4. Calculate the Variance:
To find the variance for a sample, we need to divide the sum of squared differences by [tex]\(n-1\)[/tex] (degrees of freedom correction), where [tex]\(n\)[/tex] is the sample size.
[tex]\[ \text{Sample size} = 4 \][/tex]
[tex]\[ \text{Variance} = \frac{78}{4-1} = \frac{78}{3} = 26 \][/tex]
5. Calculate the Correct Standard Deviation:
The standard deviation is the square root of the variance.
[tex]\[ \text{Standard Deviation} = \sqrt{26} \approx 5.099 \][/tex]
### Error Identification
Yuri computed the standard deviation using the division by [tex]\(n\)[/tex] instead of [tex]\(n-1\)[/tex]. Let's verify this calculation:
[tex]\[ \sqrt{\frac{78}{4}} = \sqrt{19.5} \approx 4.416 \][/tex]
The error Yuri made was in failing to use [tex]\(n-1\)[/tex] when computing the standard deviation for the sample data. Instead of using the corrected formula for variance, which divides the sum of squared differences by [tex]\(n-1\)[/tex], he incorrectly divided by [tex]\(n\)[/tex]. The correct computation should divide by 3 (since 4-1=3), not 4.
### Conclusion
The first error Yuri made in computing the standard deviation was failing to use [tex]\(n-1\)[/tex] (degrees of freedom correction). Instead, he incorrectly used [tex]\(n\)[/tex] in the calculation of the variance. Thus, the correct approach to compute the standard deviation for a sample is to divide the sum of squared differences by [tex]\(n-1\)[/tex] and then take the square root of that value.
### Step-by-Step Solution
1. Compute the Mean:
The given data set is [tex]\([12, 14, 9, 21]\)[/tex].
- The mean [tex]\(\mu\)[/tex] is already given as 14. This is correct.
[tex]\[ \mu = 14 \][/tex]
2. Calculate the Squared Differences from the Mean:
We need to find the squared differences of each data point from the mean:
- For [tex]\(12\)[/tex]: [tex]\((12 - 14)^2 = (-2)^2 = 4\)[/tex]
- For [tex]\(14\)[/tex]: [tex]\((14 - 14)^2 = (0)^2 = 0\)[/tex]
- For [tex]\(9\)[/tex]: [tex]\((9 - 14)^2 = (-5)^2 = 25\)[/tex]
- For [tex]\(21\)[/tex]: [tex]\((21 - 14)^2 = (7)^2 = 49\)[/tex]
[tex]\[ \text{Squared Differences} = [4, 0, 25, 49] \][/tex]
3. Sum of Squared Differences:
We then sum these squared differences:
[tex]\[ 4 + 0 + 25 + 49 = 78 \][/tex]
- The sum of the squared differences is correctly calculated as 78.
4. Calculate the Variance:
To find the variance for a sample, we need to divide the sum of squared differences by [tex]\(n-1\)[/tex] (degrees of freedom correction), where [tex]\(n\)[/tex] is the sample size.
[tex]\[ \text{Sample size} = 4 \][/tex]
[tex]\[ \text{Variance} = \frac{78}{4-1} = \frac{78}{3} = 26 \][/tex]
5. Calculate the Correct Standard Deviation:
The standard deviation is the square root of the variance.
[tex]\[ \text{Standard Deviation} = \sqrt{26} \approx 5.099 \][/tex]
### Error Identification
Yuri computed the standard deviation using the division by [tex]\(n\)[/tex] instead of [tex]\(n-1\)[/tex]. Let's verify this calculation:
[tex]\[ \sqrt{\frac{78}{4}} = \sqrt{19.5} \approx 4.416 \][/tex]

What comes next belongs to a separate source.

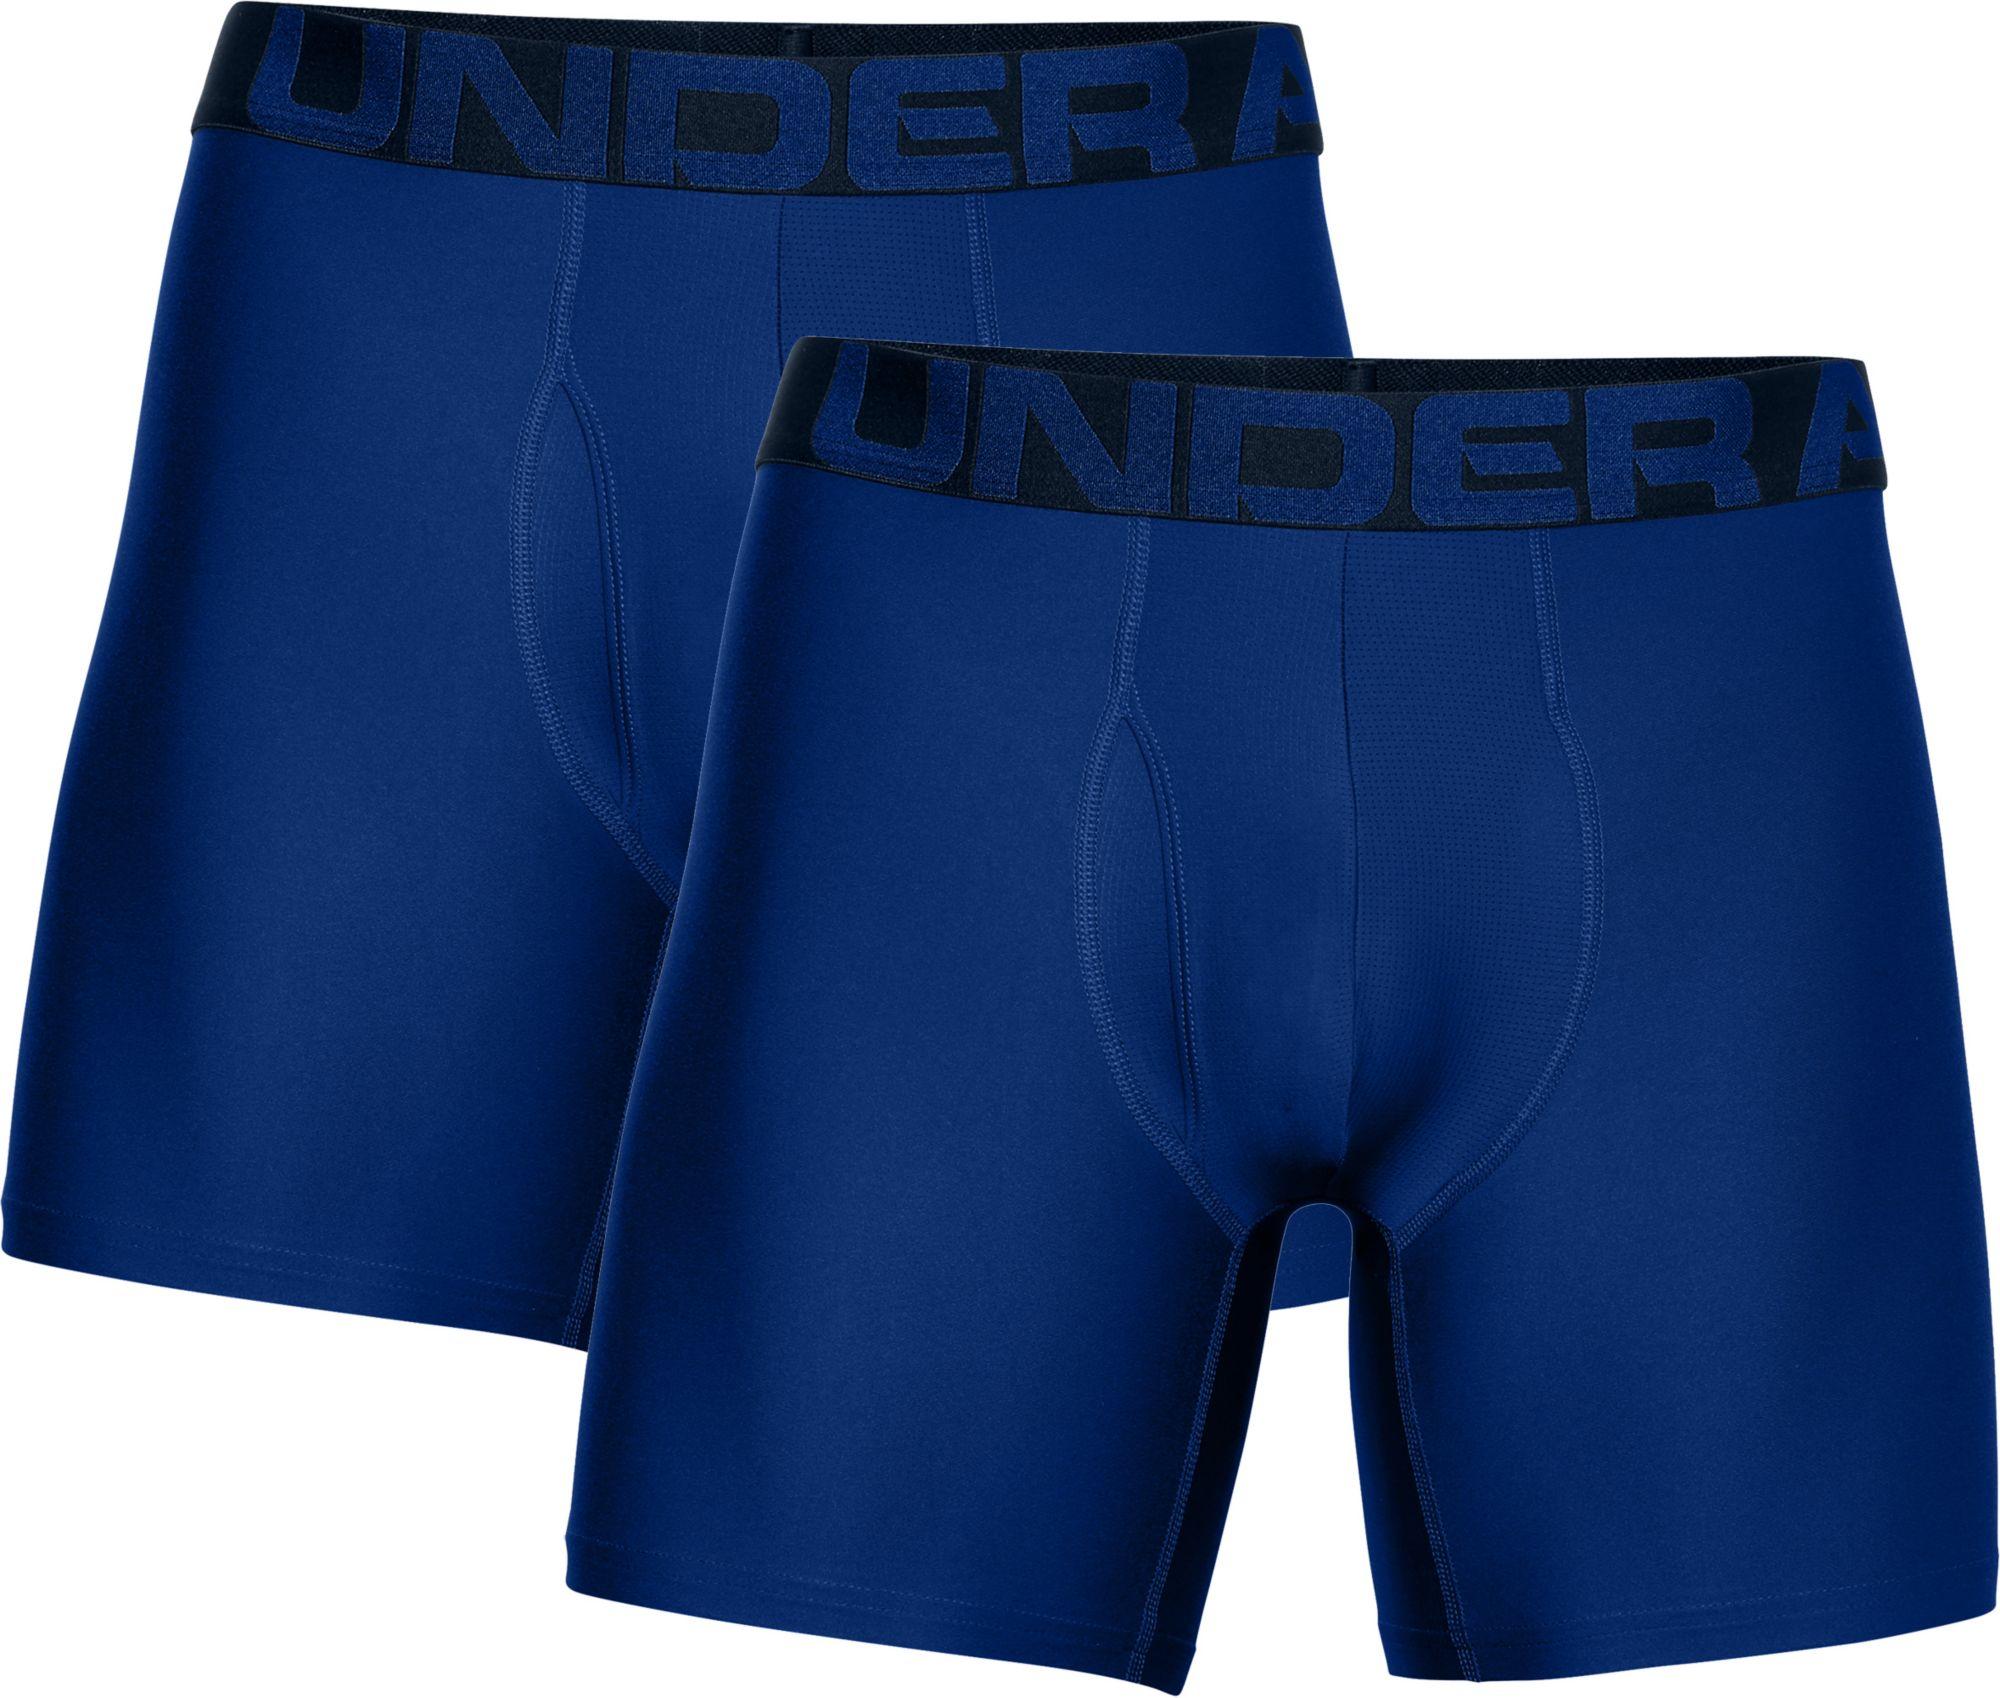 Under Armour Tech 6'' Boxerjock Boxer Briefs 2-pack in Blue for Men - Lyst

The error Yuri made was in failing to use [tex]\(n-1\)[/tex] when computing the standard deviation for the sample data. Instead of using the corrected formula for variance, which divides the sum of squared differences by [tex]\(n-1\)[/tex], he incorrectly divided by [tex]\(n\)[/tex]. The correct computation should divide by 3 (since 4-1=3), not 4.
### Conclusion
The first error Yuri made in computing the standard deviation was failing to use [tex]\(n-1\)[/tex] (degrees of freedom correction). Instead, he incorrectly used [tex]\(n\)[/tex] in the calculation of the variance. Thus, the correct approach to compute the standard deviation for a sample is to divide the sum of squared differences by [tex]\(n-1\)[/tex] and then take the square root of that value.